Directions for this task
Word for word, copy the data that follows and skip its pictures.

Information supplied

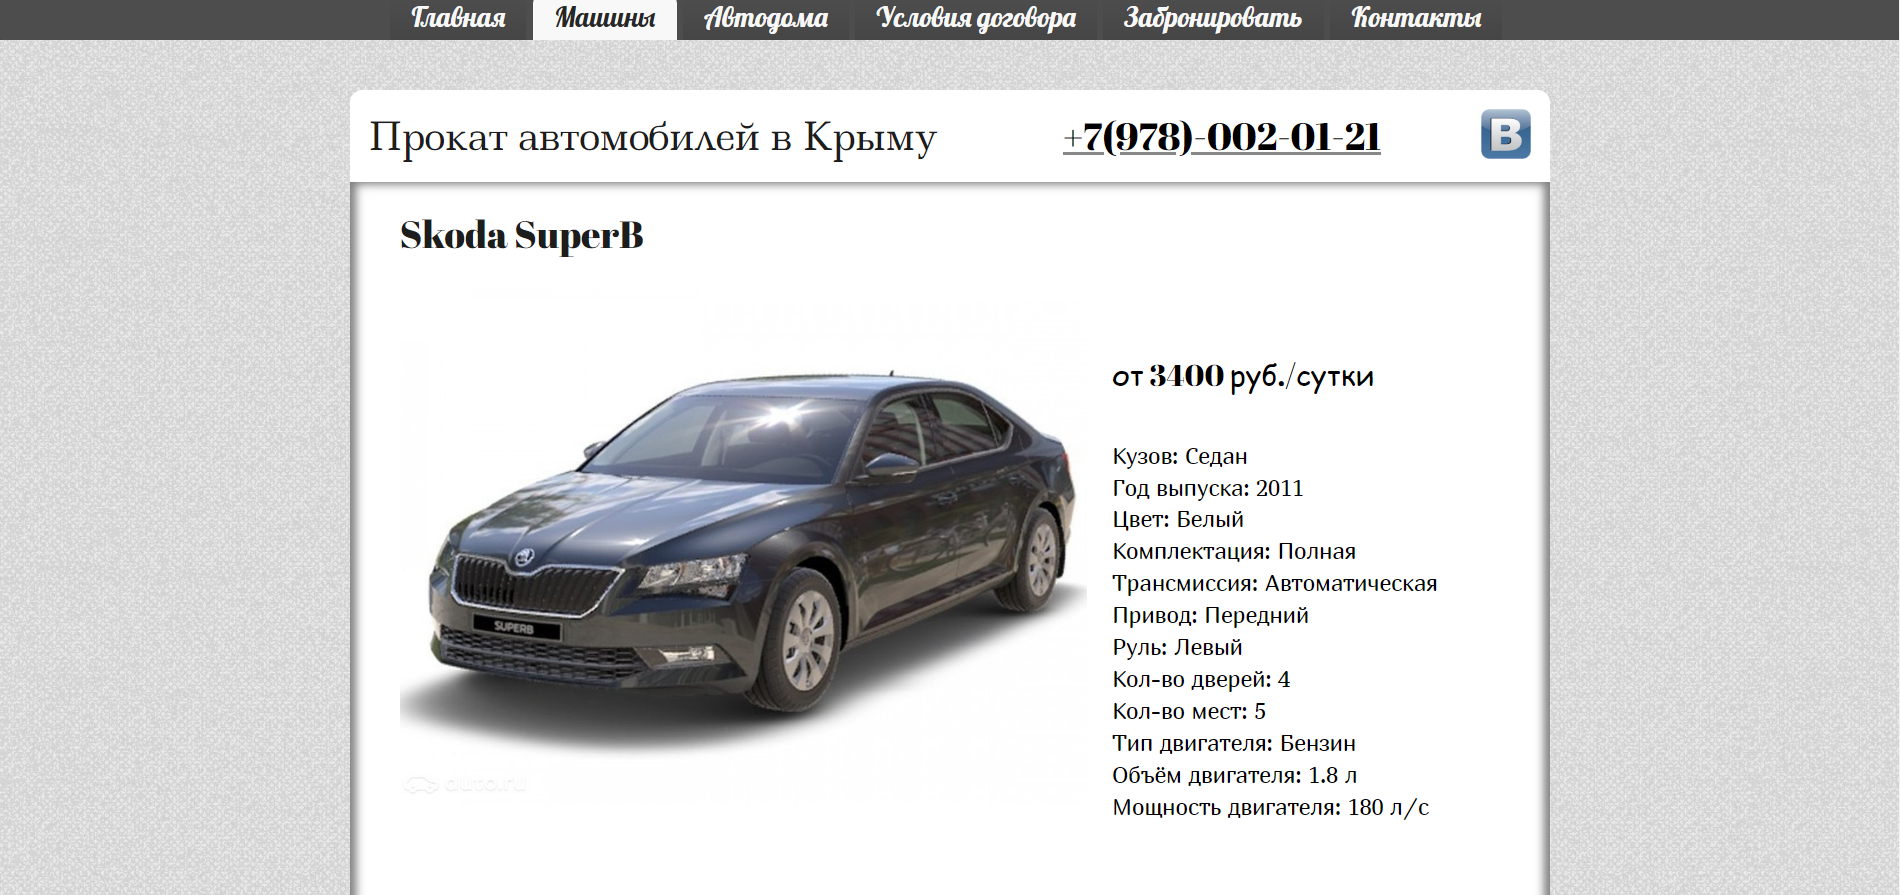 Прокат автомобилей в Крыму
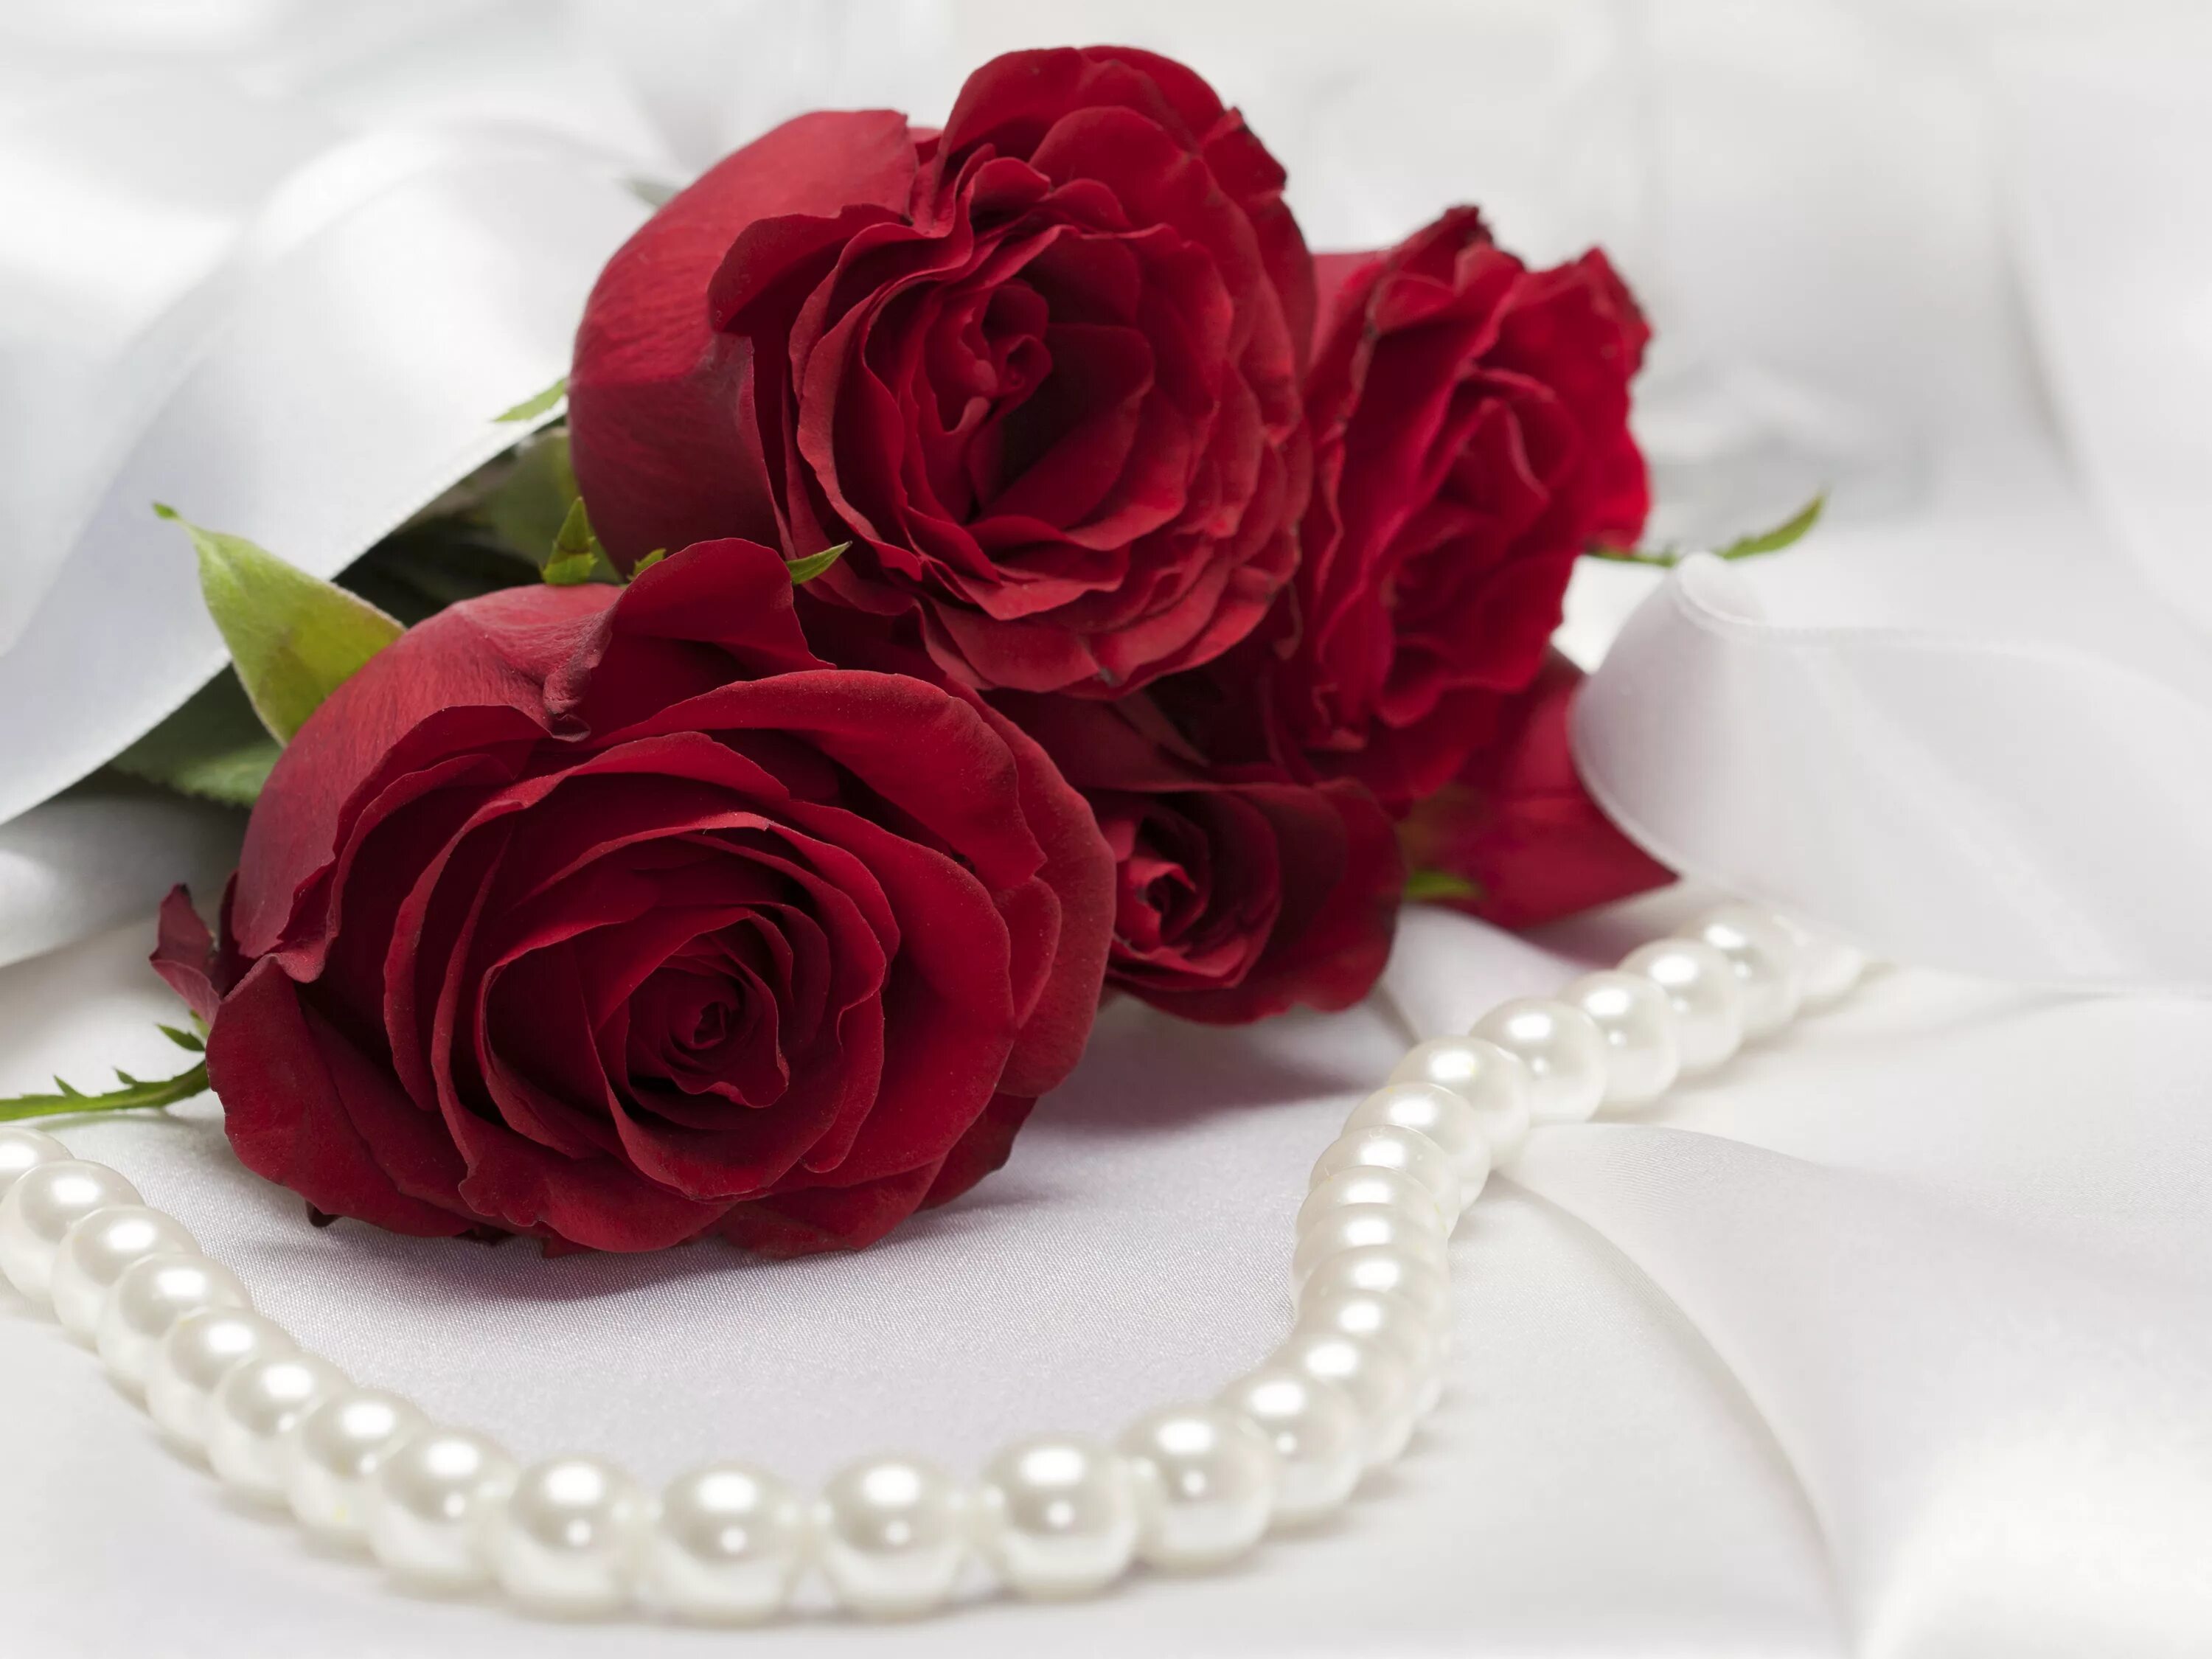 Букет для любимой женщины. Красивый букет роз для девушки. Красивые цветы для любимой девушки.
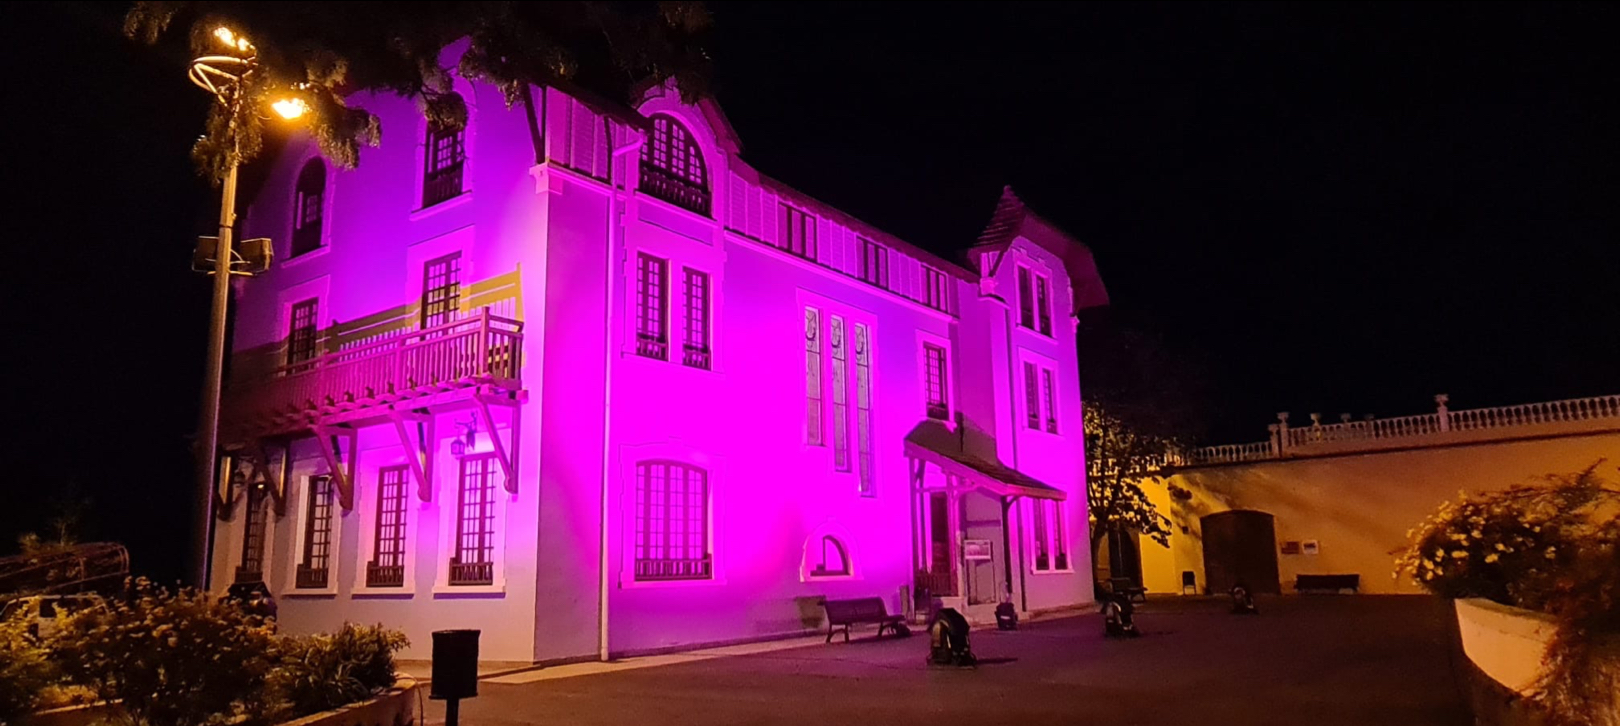 La iluminación de la fachada del espacio cultural doña Chana cierra la celebración del día internacional de eliminación de la violencia contra la mujer

Response to the task
 Прокат автомобилей в Крыму
 Букет для любимой женщины. Красивый букет роз для девушки. Красивые цветы для любимой девушки.
 La iluminación de la fachada del espacio cultural doña Chana cierra la celebración del día internacional de eliminación de la violencia contra la mujer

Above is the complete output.